The DPDK Membership Library provides an API for DPDK applications to insert a
new member, delete an existing member, or query the existence of a member in a
given set, or a group of sets. For the case of a group of sets, the library
will return not only whether the element has been inserted before in one of
the sets but also which set it belongs to.  The Membership Library is an
extension and generalization of a traditional filter structure (for example
Bloom Filter [Member-bloom]) that has multiple usages in a wide variety of
workloads and applications. In general, the Membership Library is a data
structure that provides a "set-summary" on whether a member belongs to a set,
and as discussed in detail later, there are two advantages of using such a
set-summary rather than operating on a "full-blown" complete list of elements:
first, it has a much smaller storage requirement than storing the whole list of
elements themselves, and secondly checking an element membership (or other
operations) in this set-summary is much faster than checking it for the
original full-blown complete list of elements.

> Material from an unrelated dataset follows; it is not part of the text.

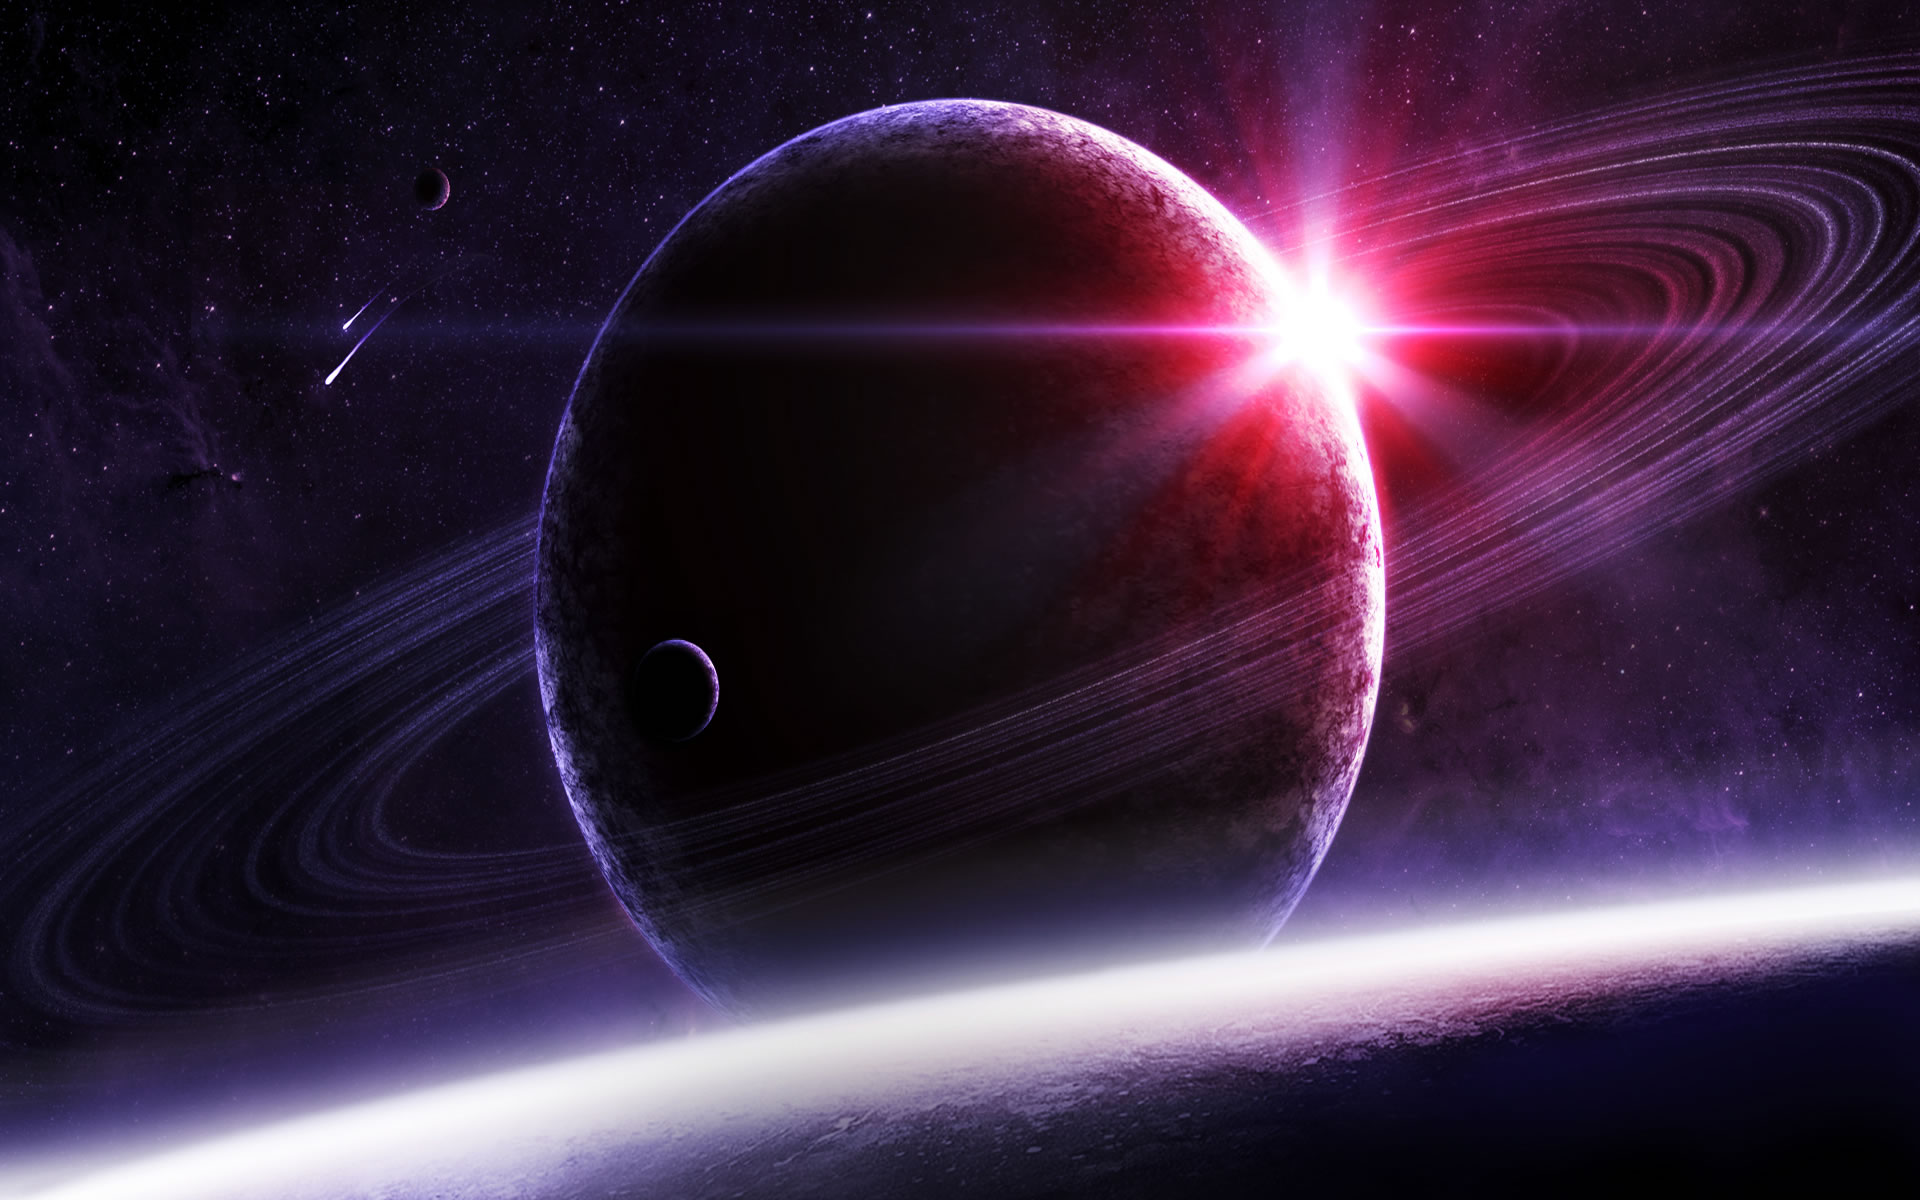 Wallpaper Planetas Lejanos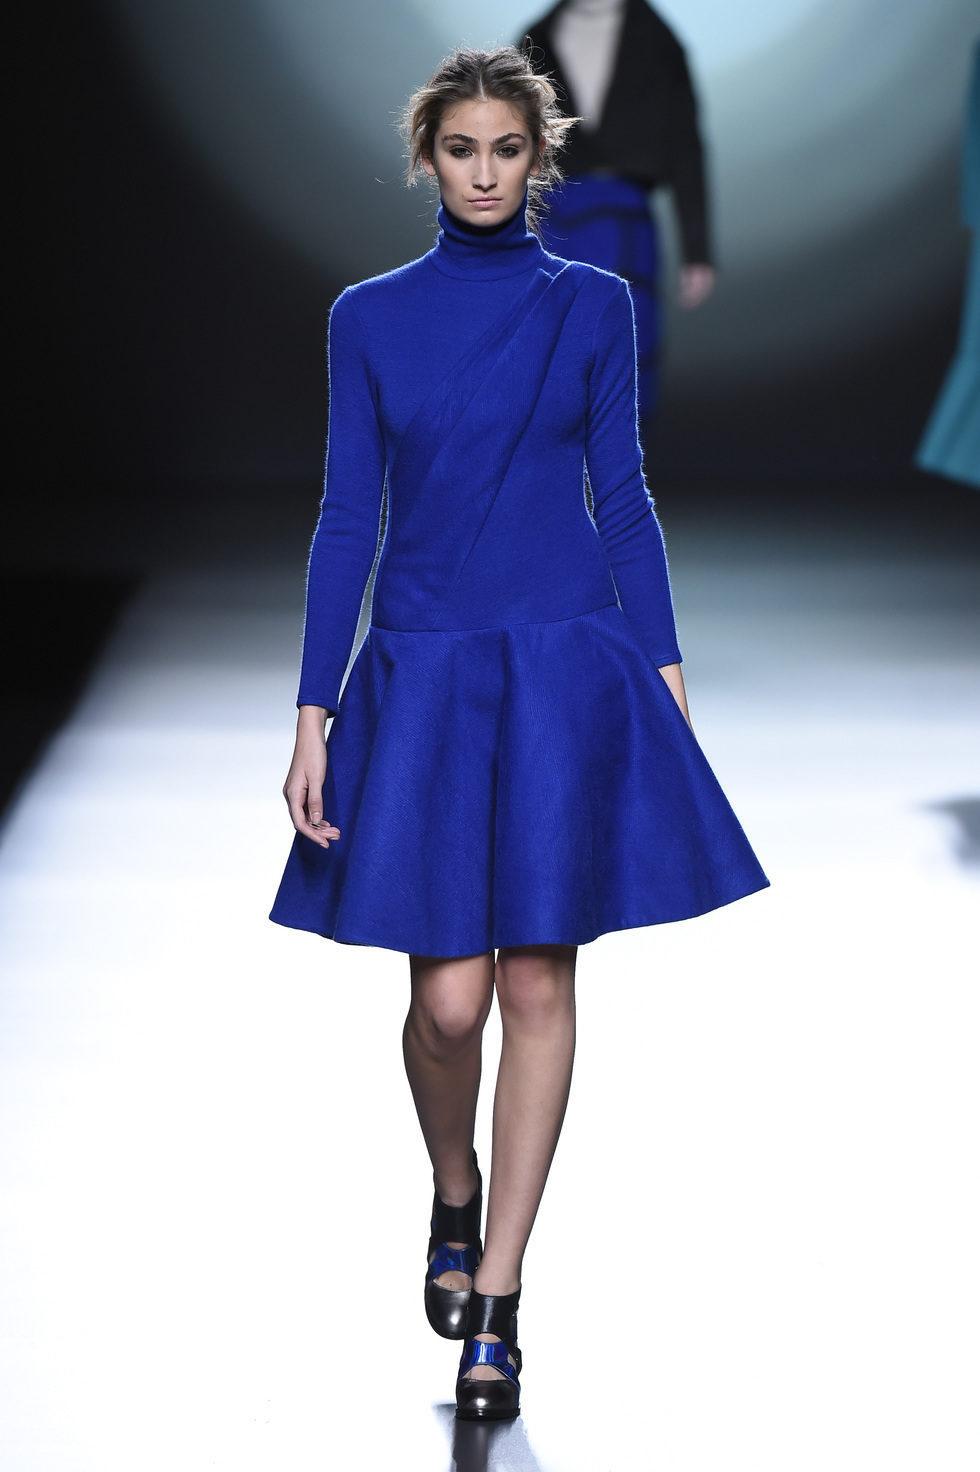 70821_vestido-azul-zafiro-coleccion-otono-invierno-2015-2016-amaya-arzuaga-madrid-fashion-week

We use the term "Set-Summary" in this guide to refer to the space-efficient,
probabilistic membership data structure that is provided by the library. A
membership test for an element will return the set this element belongs to or
that the element is "not-found" with very high probability of accuracy. Set-summary
is a fundamental data aggregation component that can be used in many network
(and other) applications. It is a crucial structure to address performance and
scalability issues of diverse network applications including overlay networks,
data-centric networks, flow table summaries, network statistics and
traffic monitoring. A set-summary is useful for applications who need to
include a list of elements while a complete list requires too much space
and/or too much processing cost. In these situations, the set-summary works as
a lossy hash-based representation of a set of members. It can dramatically
reduce space requirement and significantly improve the performance of set
membership queries at the cost of introducing a very small membership test error
probability.

.. _figure_membership1:
.. figure:: img/member_i1.*

  Example Usages of Membership Library

There are various usages for a Membership Library in a very
large set of applications and workloads. Interested readers can refer to
[Member-survey] for a survey of possible networking usages. The above figure
provide a small set of examples of using the Membership Library:

* Sub-figure (a)
  depicts a distributed web cache architecture where a collection of proxies
  attempt to share their web caches (cached from a set of back-end web servers) to
  provide faster responses to clients, and the proxies use the Membership
  Library to share summaries of what web pages/objects they are caching. With the
  Membership Library, a proxy receiving an http request will inquire the
  set-summary to find its location and quickly determine whether to retrieve the
  requested web page from a nearby proxy or from a back-end web server.

* Sub-figure (b) depicts another example for using the Membership Library to
  prevent routing loops which is typically done using slow TTL countdown and
  dropping packets when TTL expires. As shown in Sub-figure (b), an embedded
  set-summary in the packet header itself can be used to summarize the set of
  nodes a packet has gone through, and each node upon receiving a packet can check
  whether its id is a member of the set of visited nodes, and if it is, then a
  routing loop is detected.

* Sub-Figure (c) presents another usage of the Membership
  Library to load-balance flows to worker threads with in-order guarantee where a
  set-summary is used to query if a packet belongs to an existing flow or a new
  flow. Packets belonging to a new flow are forwarded to the current least loaded
  worker thread, while those belonging to an existing flow are forwarded to the
  pre-assigned thread to guarantee in-order processing.

* Sub-figure (d) highlights
  yet another usage example in the database domain where a set-summary is used to
  determine joins between sets instead of creating a join by comparing each
  element of a set against the other elements in a different set, a join is done
  on the summaries since they can efficiently encode members of a given set.

Membership Library is a configurable library that is optimized to cover set
membership functionality for both a single set and multi-set scenarios. Two set-summary
schemes are presented including (a) vector of Bloom Filters and (b) Hash-Table based
set-summary schemes with and without false negative probability.
This guide first briefly describes these different types of set-summaries, usage examples for each,
and then it highlights the Membership Library API.

Vector of Bloom Filters
-----------------------

Bloom Filter (BF) [Member-bloom] is a well-known space-efficient
probabilistic data structure that answers set membership queries (test whether
an element is a member of a set) with some probability of false positives and
zero false negatives; a query for an element returns either it is "possibly in
a set" (with very high probability) or "definitely not in a set".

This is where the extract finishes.